DATA
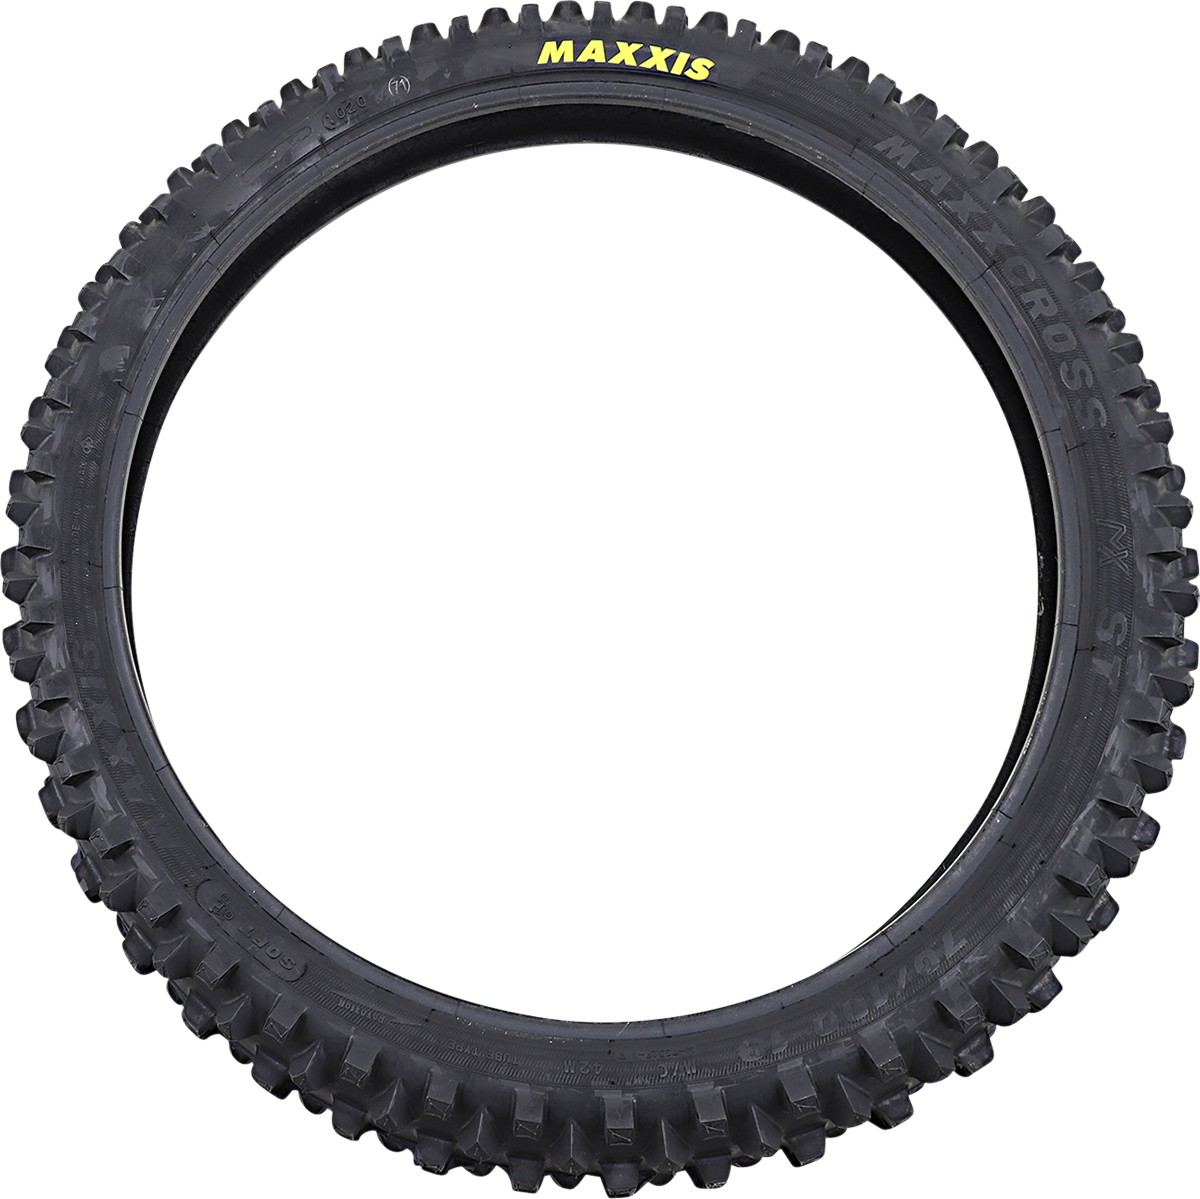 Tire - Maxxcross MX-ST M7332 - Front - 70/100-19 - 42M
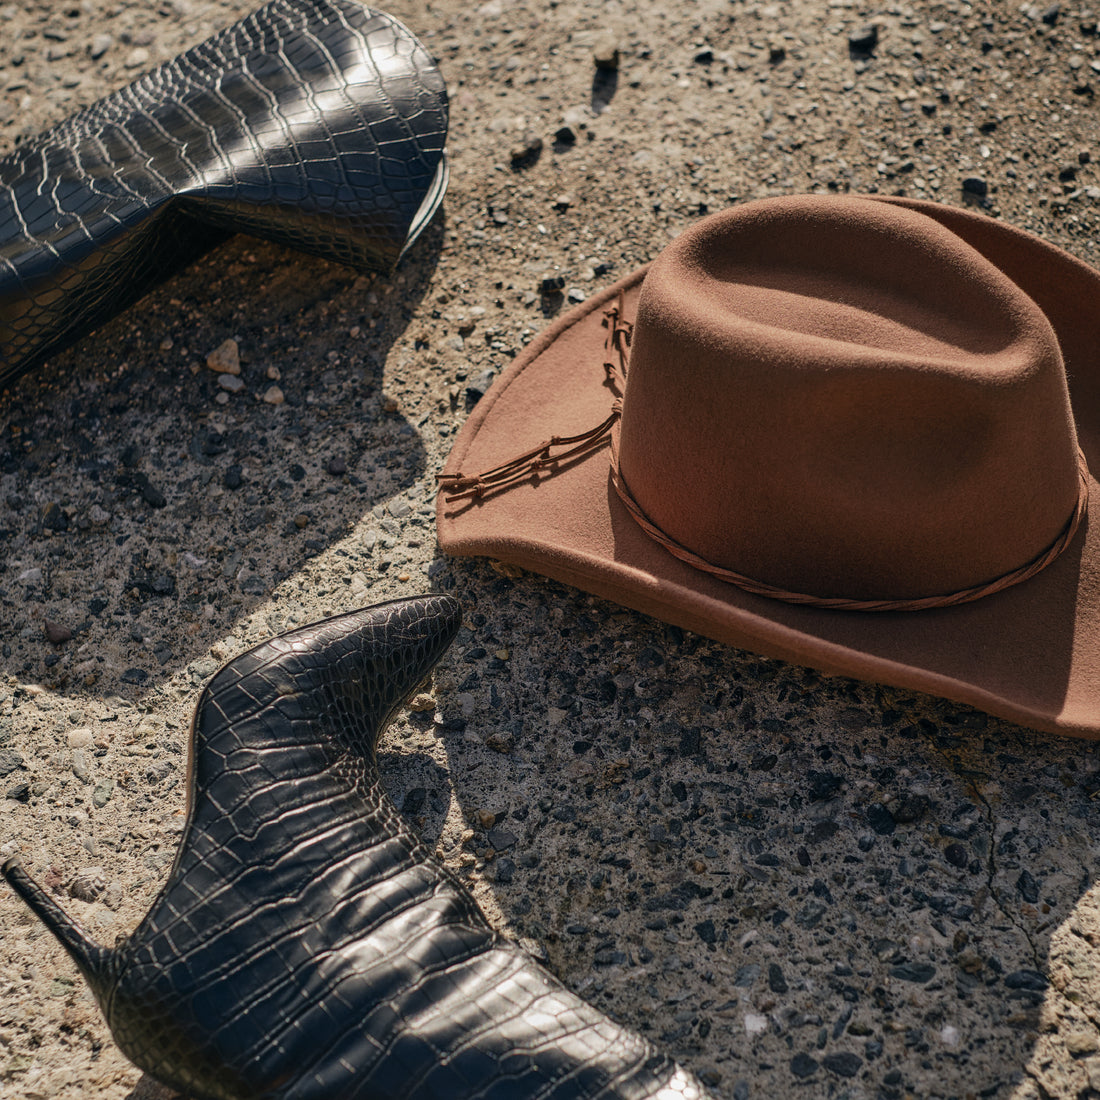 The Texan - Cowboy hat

--

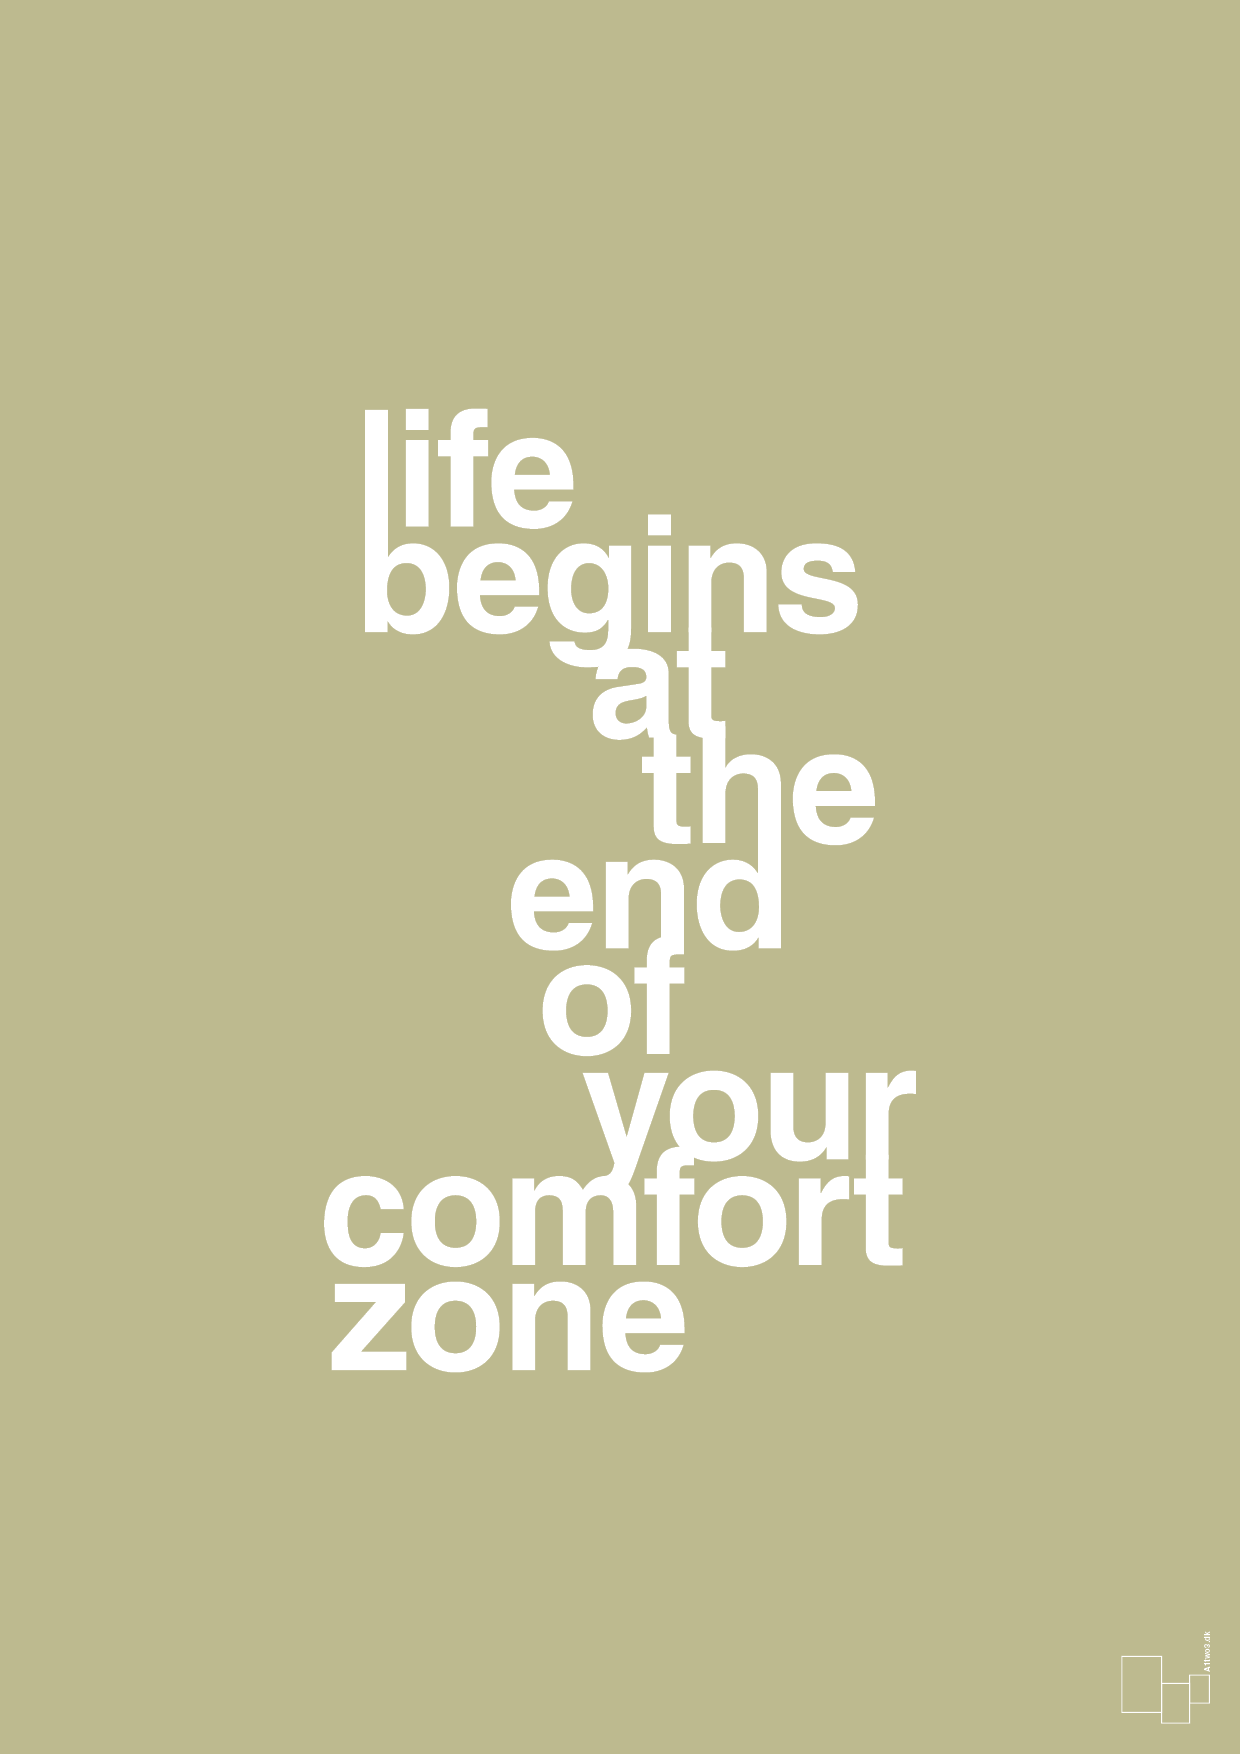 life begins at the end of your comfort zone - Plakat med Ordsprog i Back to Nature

YOUR GOAL
What are the lines above from the one with "Tire - Maxxcross" to the one with "The Texan - Cowboy hat", both included? Reproduce them exactly, without pictures.

TASK RESPONSE
 Tire - Maxxcross MX-ST M7332 - Front - 70/100-19 - 42M
 The Texan - Cowboy hat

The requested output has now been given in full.